A limited company is registered at Companies House. It must operate within the Companies Acts and is governed by its own articles of association. There are different types of limited company but they all have these things in common. Once registered, a company has corporate personality. It is a legal entity (or legal person) with its own rights and obligations, separate and distinct from those of its members. The company's property is its own and is not treated as belonging to the company's shareholders and directors. The company itself can enter into contracts, employ people, sue and be sued and can be liable if it commits criminal offences. When the company incurs debts, the company itself is liable for them and the directors and shareholders are not (see below).
There are different types of companies used for different purposes, but for a trading business the only real options are the private company limited by shares and the LLP.
The basis of limited liability is that all debts incurred by a company are the company's own liabilities and not directly the legal liability of the shareholders or of the directors. The company is a separate legal person from the shareholders and the directors. The company incurs debts in the course of its business and only the company is liable for those.
The shareholders' obligation is to pay the company for the shares they have taken in it. Once the shares are fully paid for (and this would usually be the case with a private limited company) no further money is payable by the shareholders. So, if two people set up a company and take, say, one £1 share in it each, their only liability as shareholders is to pay £1 each to the company for their shares.
The directors incur no personal liability as all their acts are undertaken as agents for the company. However, there are certain circumstances where liability may be imposed by the court, particularly in respect of wrongful or fraudulent trading.
At Incorporation Services Limited we register all our standard companies by electronic registration by arrangement with Companies House. This ensures the quickest possible registration time, usually within a few hours. It is also possible to register by sending forms and documents to Companies House. This has to be done for Community Interest Companies, as there is no electronic registration facility at Companies House, and is sometimes done in other, specialised circumstances.
These are covered on our separate company choice page.

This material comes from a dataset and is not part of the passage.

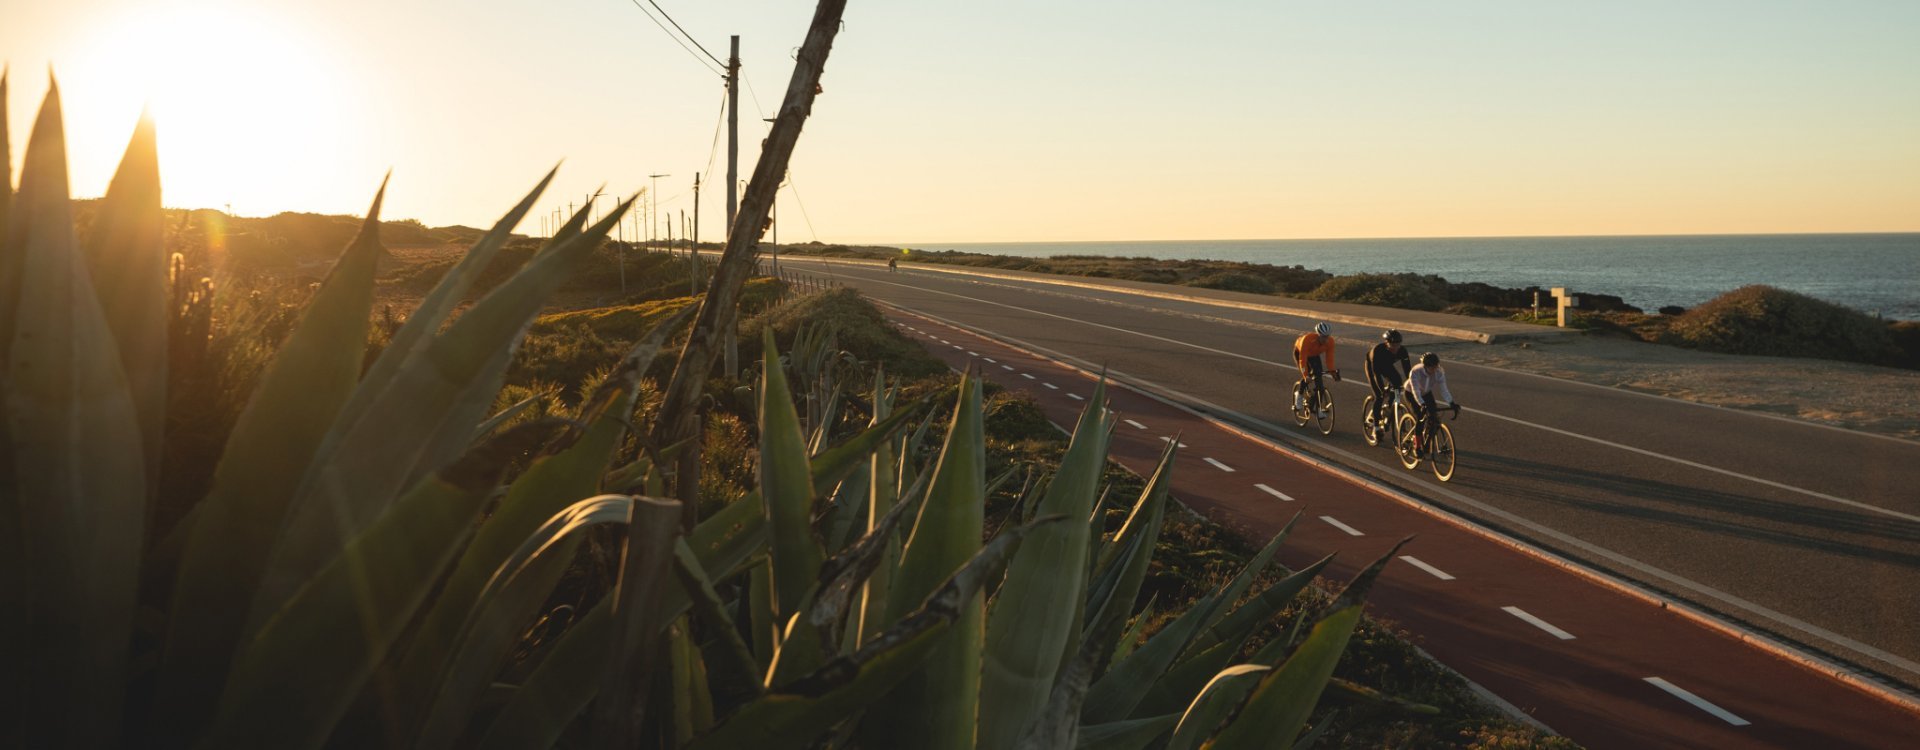 Laura, Markus y Sergej de bc montando en sus bicis de ruta por una carretera cercana a la costa. Puesta de sol al fondo.

See our company names page.
See our articles of association page.
Companies House is the government body responsible for registering companies in the UK. There are separate branches in Cardiff (for England and Wales), Scotland and Northern Ireland. We can register companies in all three. When a company is registered, documents and forms (and the registration fee) is sent to Companies House which, if everything is in order, will issue the company's certificate of incorporation. Most registrations are now done electronically.
On first registration
The information varies according whether the company is a private company limited by shares, public company (PLC), limited liability partnership (LLP), company limited by guarantee, property management company, or right to manage company.
Annual return
Each year the company must send its annual return to Companies House. The annual return is a standard form sent out by Companies House, which must be updated and returned with the registration fee. Most annual returns are now sent electronically, when the fee is £13. The annual return states much of the information currently on file at Companies House (registered office, directors, shareholders, industry classification).
Annual accounts
All limited companies also have to register their annual accounts. Bigger companies have to file full accounts comprising a balance sheet, profit and loss account, directors' report and auditors' report. Small and medium sized companies can send 'modified accounts', containing less detail. There are exemptions from audit for smaller companies.
Notification of changes
If the company does any of a long list of things, the right form must be sent to Companies House. Common examples are changes to the directors or company secretary, or the registered office, or when shares are allotted. Some of these changes are quite straightforward. In other cases they are more technical than people realise. All official forms are available from Companies House website, and many simpler matters can be registered electronically.
Public record
All information registered at Companies House is available for public inspection and registering this information is the price of being granted the privilege of corporate personality and limited liability. Part of our business is obtaining information about companies (doing a 'company search'), so if you need information about another company, let us know. Copies of forms and documents registered by every company at Companies House can be accessed from the Companies House website. Some information is free, in other cases a fee is payable.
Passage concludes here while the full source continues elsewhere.